# LGB 2028D sound Mogul Steam engine,instructions



## mrsportys (Dec 22, 2009)

Hi everyone...new to the board...I just received my LGB 2028D sound Mogul Steam engine,D.,S.P. & P.R.R-#71. after bidding on Ebay...usually have excellent results but this time I'm a little worried. The explanation says, used very little, looks brand new and it does however, I did not get an instruction manual with it (I will be asking for it, you already know the answer). Does anyone have one they could copy for me? Also...at the real of the wood car there is a small "circular" I'll call it hatch, behind the wood, that inside looks like some type of wiring was in it or? It sort of looks burnt...can anyone tell me what this might be.
Appreciate the help in advance.

Thanks,

Jim


----------



## Richard Weatherby (Jan 3, 2008)

Instructions for similar loco

Mogul Instructions


Instructions for LGB Locos

German Site


----------



## mrsportys (Dec 22, 2009)

Thanks Richard, I did find similar instructions. However none came to crux of my problem. I want to see if this particular part has any bearing on the sound / unit itself. The , hopefully, attached picturewill show the piece that I easily took off behind the stack of wood. It doesn't feel like the piece should come off yet it did and the, I think, piece of wire inside looks frazzled and burnt?. 

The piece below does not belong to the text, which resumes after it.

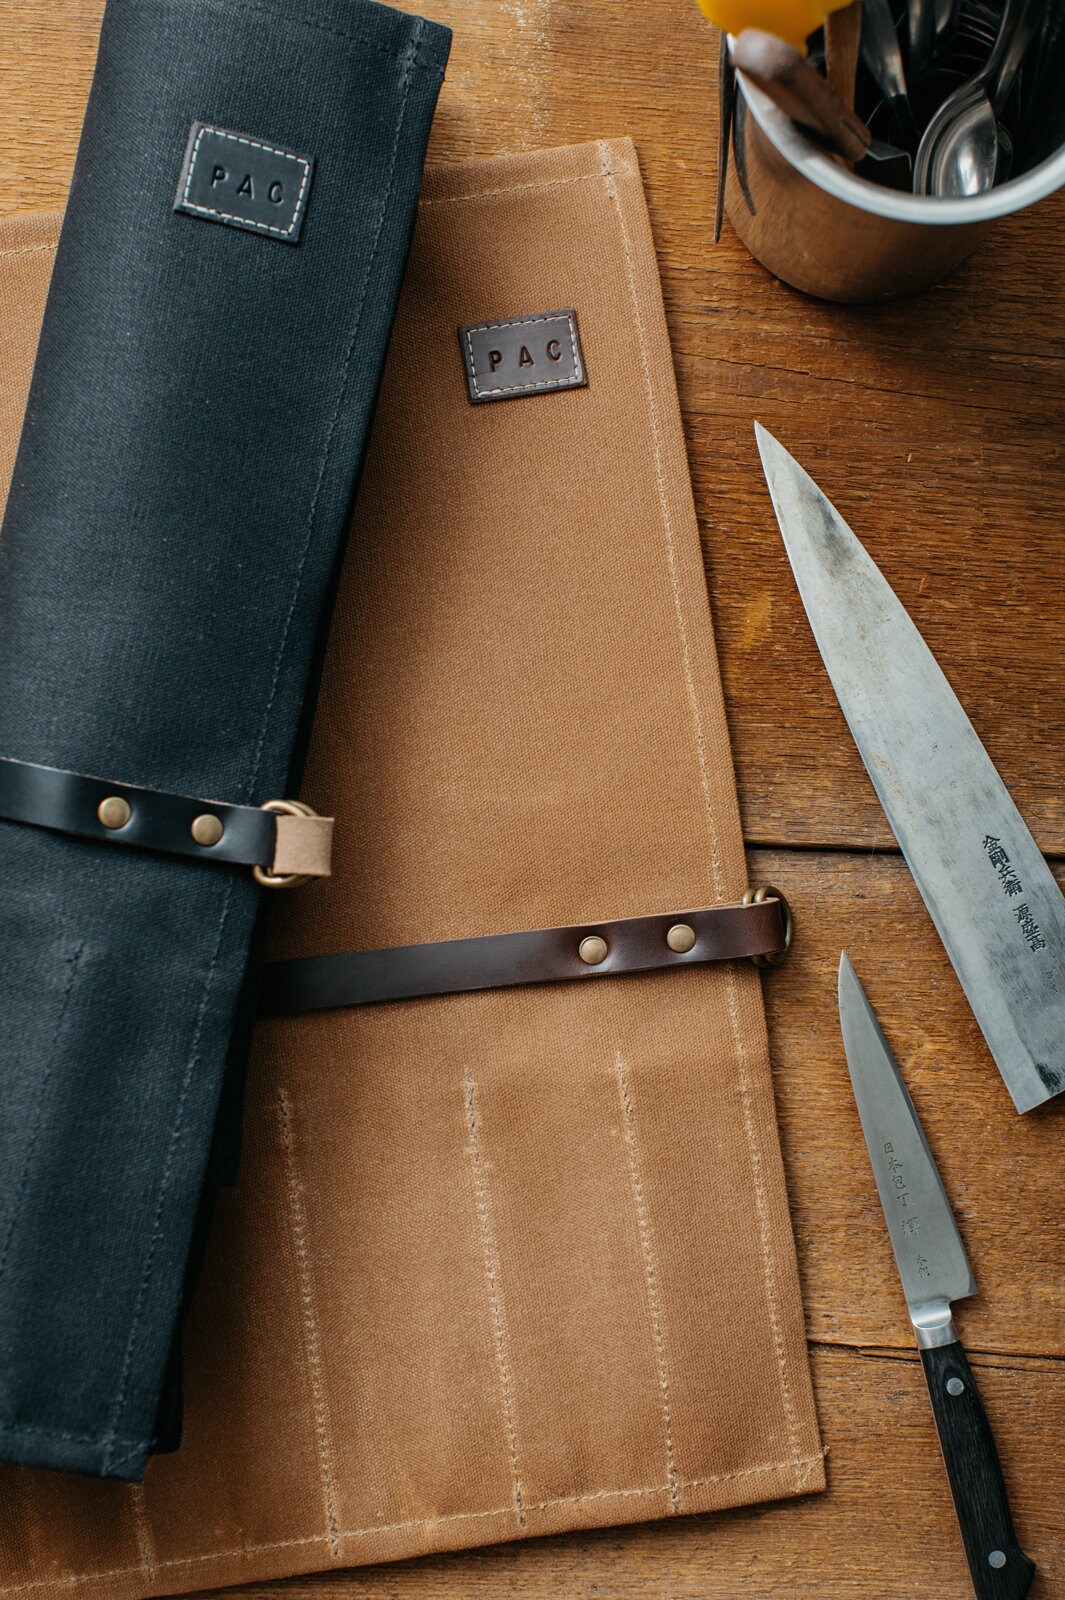 Waxed Canvas Basic Chef Knife Roll by Chef Sac

Anyone know what this piece is? Looks like I cannot add a picture, I'll keep looking if I can.....

Thanks,

Jim


----------



## mrsportys (Dec 22, 2009)

Anyone....can I add pics to replys? Thanks


----------



## stevedenver (Jan 6, 2008)

well the fact is that the 2028 D was not a factory sound equipped loco 

so the next question is -what is the make of the sound system? 

the part you refer to is a water filler hatch and this has been used on other LGB models as a cover for the volume potentiometer-which seems a a possibility for what you are describing 

is is possible that someone fitted an lgb after market sound module into the tender 

(these are a small black plastic box slightly larger and more square than a pack of cigarettes-with a grate for the sound 

-as i understand things these (later versions) came with a separate volume pot which had a longish shaft so that they could be retrofitted into various locos and have the volume control shaft long enough to access 

you may be seeing wires that were inadvertantly touched with a soldering iron-or something entirely different 

are there any 'issues' with operation?


----------



## Mik (Jan 2, 2008)

to add a picture.
First you need to upload it to the web. You can use 1st class space here, a service like photobucket, or whatever web space came with your ISP contract.

Second you need to learn the 'secret code' -- [i-m-g] whatever the picture's web address [/-i-m-g] just remove all the -s to make it work. If you use photobucket, it's the bottom choice of addresses all ready to go.


----------